For instance, here’s a graph of ‘terrorist events’ in Australia from 1970 to 2013.
The figures are so low that it’s impossible to identify any particular trends. Nonetheless, if we add the two most recent ‘events’ – the arrest of Omarjan Azari in Sydney and the shooting of Numan Haider in Melbourne – it’s obvious that we’re scarcely in the midst of a terror upsurge. On the contrary, terrorism in Australia remains what it’s always been: an entirely marginal phenomenon.
The database provides an empirical demonstration of what should be obvious – simply, in respect of terrorism, Australia remains one of the safest countries in the entire world.
Go to the site and look yourself. The tool allows you to chart terrorism incidents in nations around the world. Try to find a country anywhere in the world with a lower incidence of terrorism than Australia.
Naturally, that doesn’t mean attacks are impossible.
Even in Australia, no-one can guarantee your absolute safety at all time. But that applies to other risks, as well.

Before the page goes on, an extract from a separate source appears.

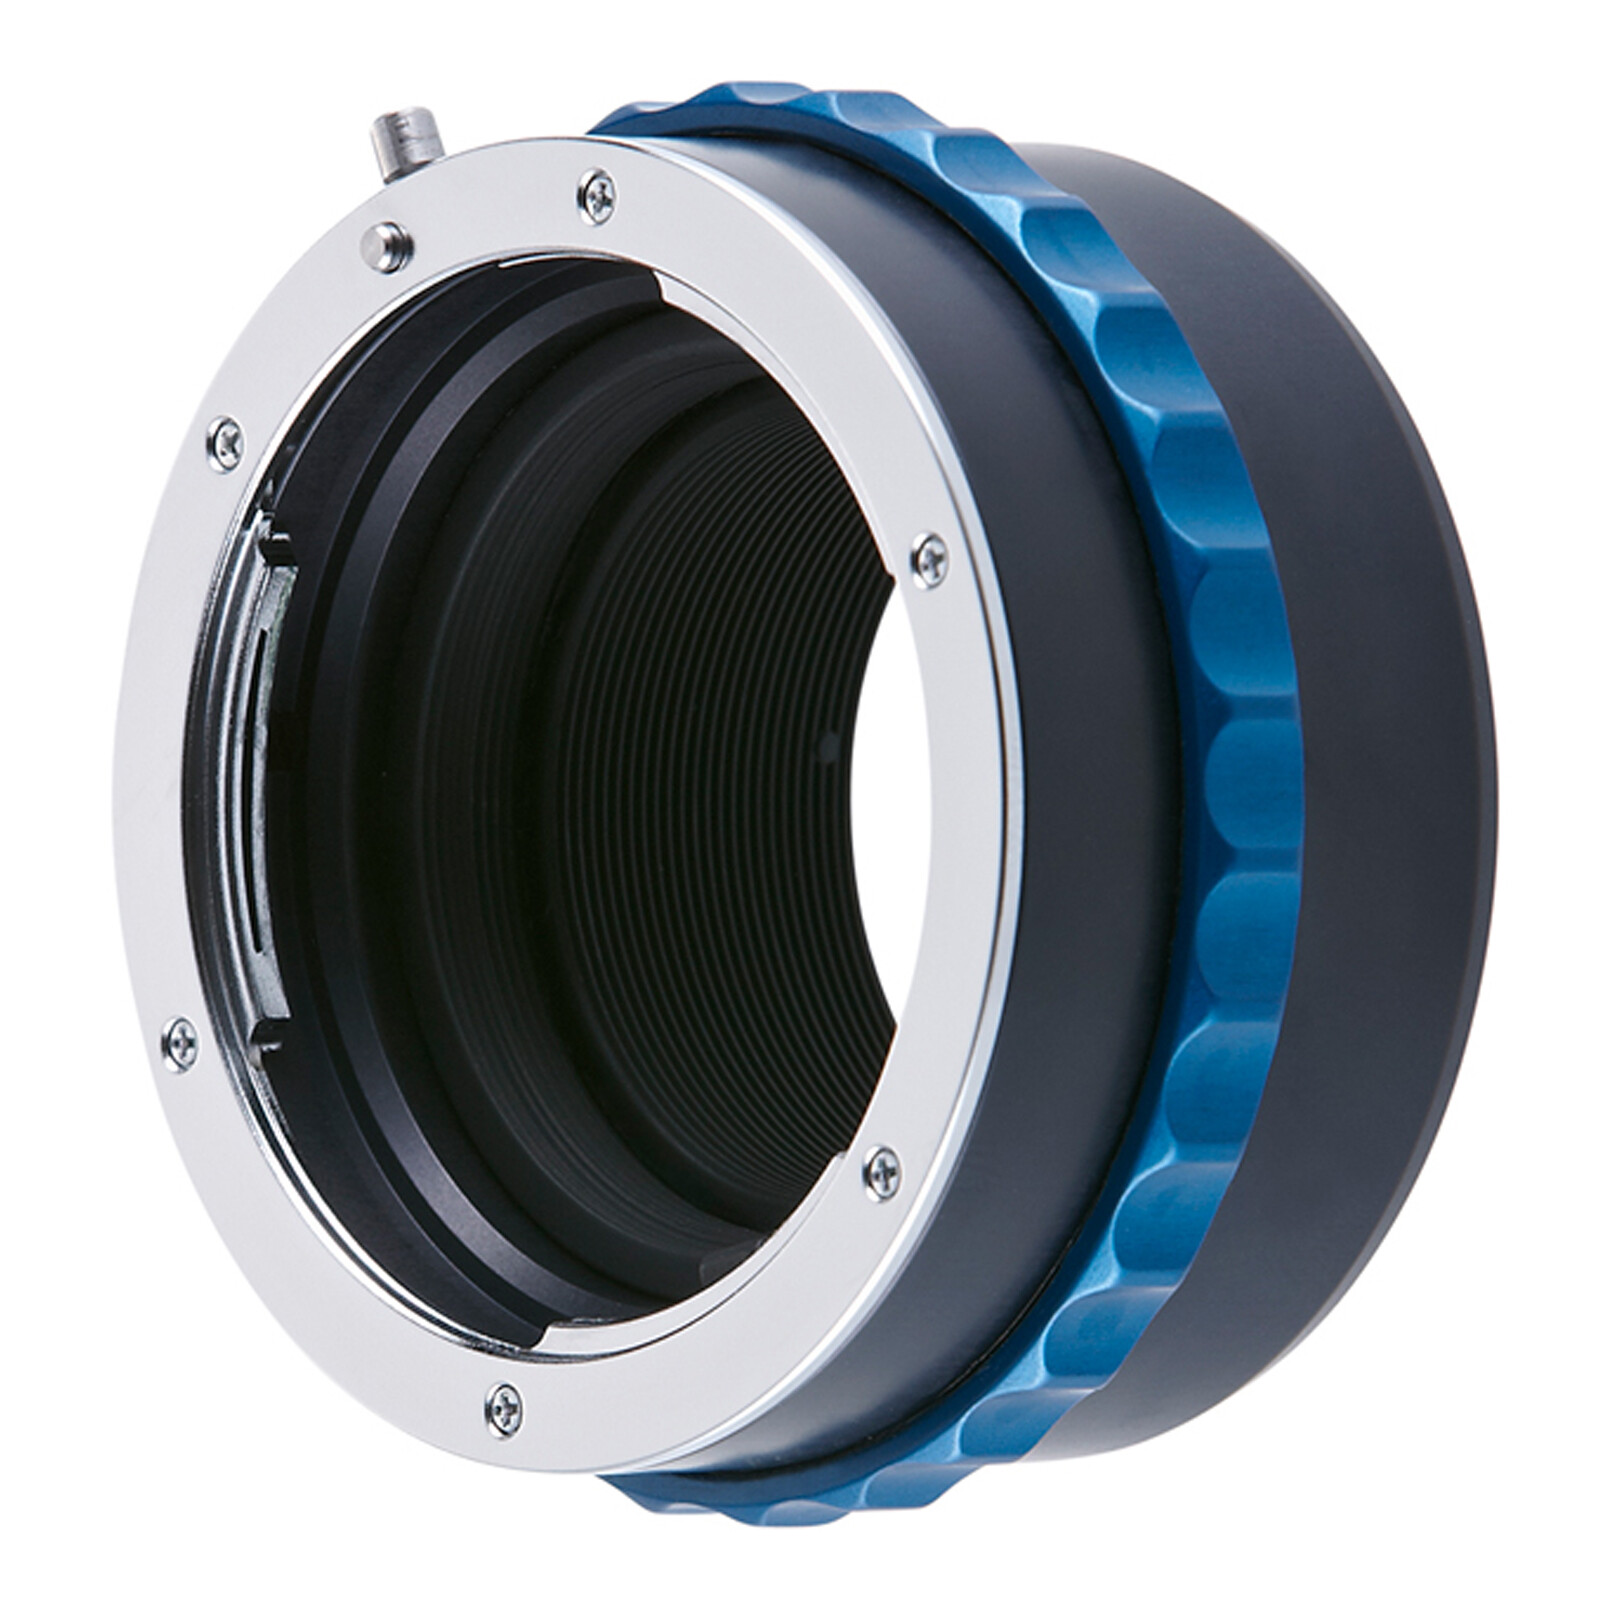 Novoflex EOSM/NIK Adapter

If you’re attending a glitzy event in Collins Street, the canapés might make you ill. It’s possible. Food poisoning kills far more Australians than terrorism (which hasn’t been responsible for any Australian deaths in this country since 1978). But no-one insists that the MWF provides a portable stomach pump next to the buffet.
We’re never entirely, 100 per cent safe, whatever we are doing. Yet most of us go about our business all the same.
Or at least we did until recently.
In Foreign Policy, Rosa Brooks (riffing off Stephen Colbert) identifies something she calls ‘threatiness’.
“Sometimes,” she says, “we cannot articulate why something is a threat, or offer evidence, but we still think it just feels, you know, threaty. We know it in our gut. And let me be clear: when there is enough threatiness floating around, America must take action.”
Australian leaders have a nose for threatiness, too.
Today, Tony Abbott says the Islamic State has “declared war on the world”. George Brandis says the group represents an “existential threat”, more dangerous than that posed by the nuclear-armed Soviet Union during the Cold War.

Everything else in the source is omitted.